If anything, that should give you hope that we can still effect change if we
work hard to do it.

Our Constitution codifies how we will give consent to the system to rule over
us and how that system will rule. The Bill of Rights gives us the right to
complain about anything that anyone does.

------
waterlesscloud
I am a firm believer that you shouldn't vote in any given race if you cannot
_at least_ name the candidates before you look at the ballot.

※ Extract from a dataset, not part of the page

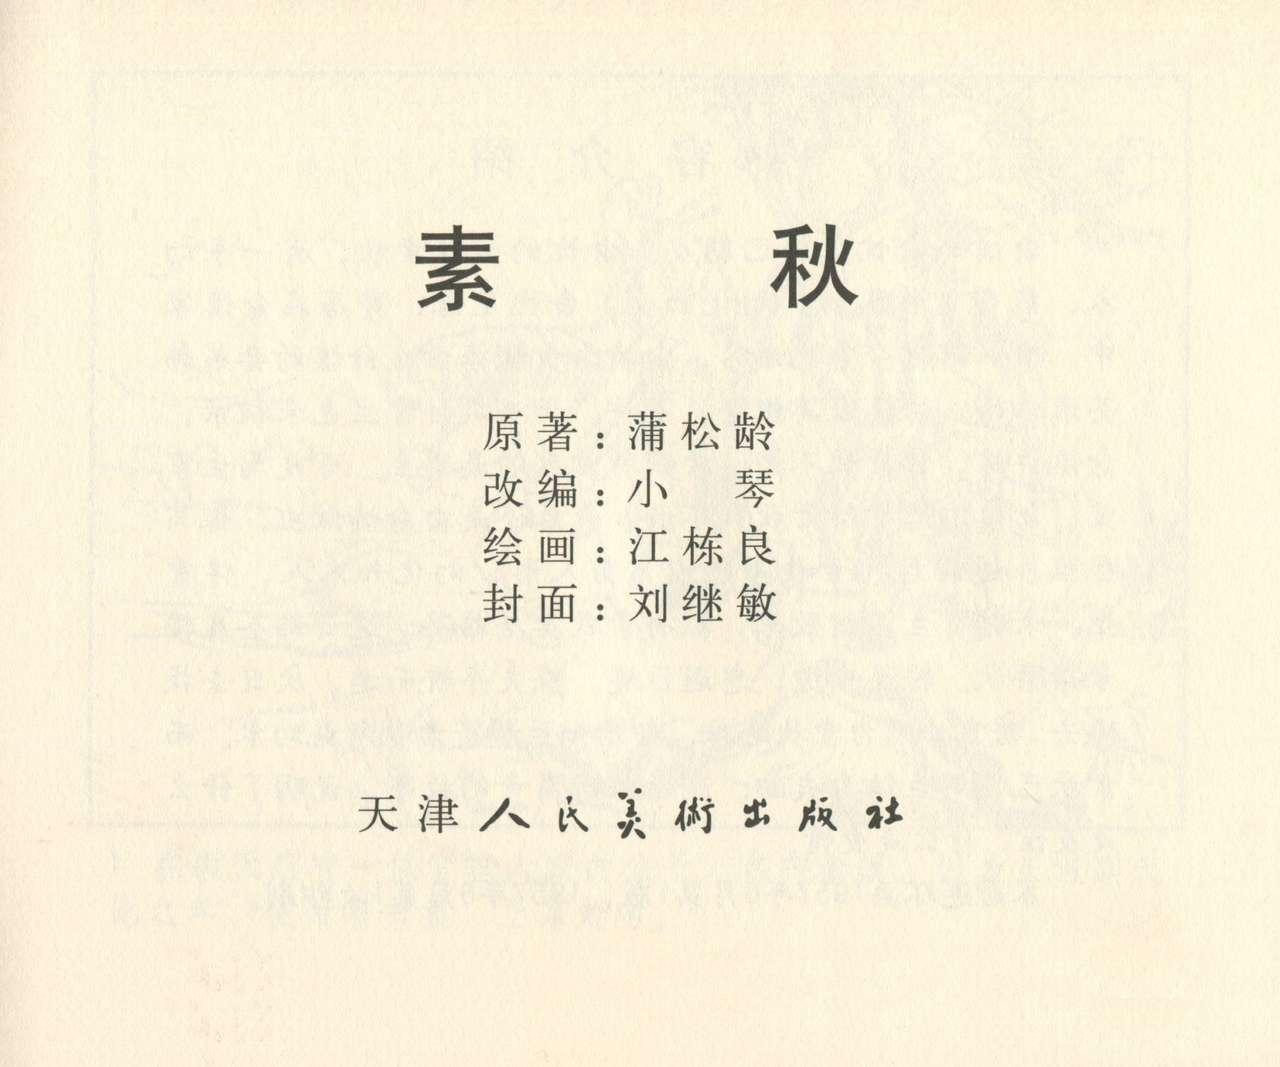 聊斋志异 张玮等绘 天津人民美术出版社 卷二十一 ~ 三十 279

If you don't even know who they are, how can you possibly make an informed
decision?

------
olalonde
Related: <http://lesswrong.com/lw/dp6/imperfect_voting_systems/>

------
rsanchez1
This is a crappy attitude. If anything, you should be motivating MORE people
to vote.

Let's take Florida in 2008 as an example. In 2008, the voter turnout among the
voting age population was just 58.5% of a voting population of 14.353 million
people[1]. In the 2008 election, Obama received 51% of the vote, and McCain
received 48%, with Obama beating McCain by roughly 240,000 votes[2]. That
amounts to only 1.6% of the voter population. If turnout was higher by just
2%, and Republican voters formed most of that increase, then McCain would've
won Florida. Granted, that wouldn't have given McCain the election, but it
would've changed the results in Florida.

Of course, increasing voter turnout is something we're always trying to
achieve, but the trend in the past decade is of increasing voter turnout each
election. Who knows, maybe 200,000 extra votes will make Florida go Republican
in 2012 instead of voting Obama again. But telling people not to vote because
one vote won't make a difference is not going to help increase turnout.

[1]
[http://www.census.gov/compendia/statab/2012/tables/12s0398.p...](http://www.census.gov/compendia/statab/2012/tables/12s0398.pdf)

[2]
[http://uselectionatlas.org/RESULTS/state.php?fips=12=2002=0=...](http://uselectionatlas.org/RESULTS/state.php?fips=12=2002=0=5=1)

------
moron
That's not why you shouldn't vote. You shouldn't vote because our politics is
a bunch of crazy people yelling at each other.